[From upper cover]: Swimmer, 114th Book.
Offset printed black & white illus. throughout. Leporello (160 x 115 mm. closed), printed pictorial label on upper board, stiff paper boards. Rochester: Visual Studies Workshop, 1986.
One of Keith A. Smith’s works in leporello format, based on the pen and ink drawings from his unique Book 73 (1978-79), complemented with a poem by the artist; printed offset in an edition of 300. This work is dedicated to the photographer Philip Lange.
In his auto-bibliography, 200 Books, Smith (b. 1938) explains the origin of this piece, “I have always been afraid of water. I never took showers, only baths. Even then I filled the tub with only one to two inches of water and dampened my wash cloth to spot bathe. When I was 44, Philip Lange said he would teach me how to swim. He told me to start by taking baths with the tub half filled with water and to dip my head under. Then I was ready to go to the pool with him. He had taught many to swim, including babies. When we got to the pool the first time he said to me, ‘If you start to drown I will not save you; you might pull me under.’ This did nothing to increase my confidence in him, but he did teach me to swim and even to dive into the water. I still hate water, but can take showers. I have not gone swimming again since this book was made…
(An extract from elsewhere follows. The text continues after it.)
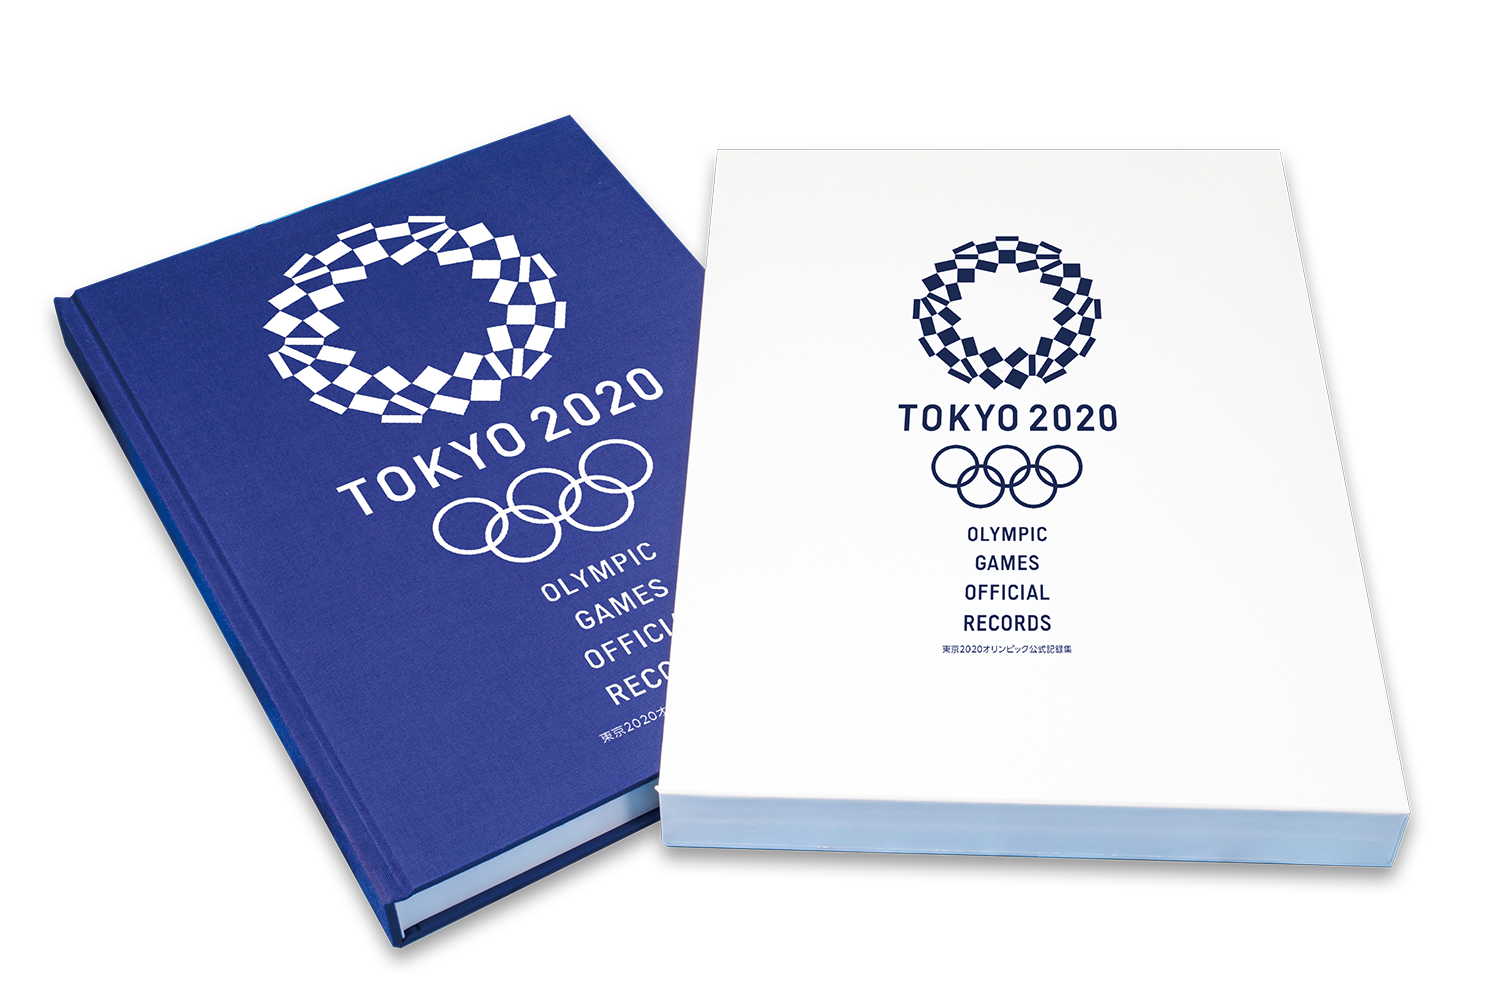 完全受注生産 日本代表選手団の活躍や記録を全て網羅した 東京オリンピック 公式記録集 が豪華上製本で登場 株式会社kadokawaのプレスリリース

“It was important that the figures not be limited to the page size, but could be two or more pages wide. The final figure takes five pages. Yet the book is to be seen also in the manner of a codex, page by page, so the drawing on a single page or a two-page spread must be attractive.”
A scarce artist’s book, in pristine condition. Signed by the artist on the upper cover.
❧ K. Smith, 200 Books (2000), pp. 198-200.
J. Drucker, The Century of Artists’ Books (2004 ed.), p. 140-“Accordion books…have the uninterrupted flow of a scroll while also functioning as a book whose pages and openings can be accessed at any point in the sequence. Keith Smith’s Swimmer (1986) takes full advantage of this aspect of the accordion-fold work. A continuous text runs along the work as a footer — linguistic and linear — while the image of a naked male swimmer (dreamer?) floats through the blank fluid space. The movement of the body renders the space liquid, unfettered, unbound by limiting coordinates though it is literally the same surface which holds and supports the text. The duality of representation — the tension between surface and illusion — is thus manifest as is the other tension — that of flow and break which is the basic internal dialogue of a book form. Part of Smith’s skill is maximizing this tension even with the large open drawing of a figure which crosses boundaries between what he calls the ‘frames’ which are the panels of the accordion-fold work."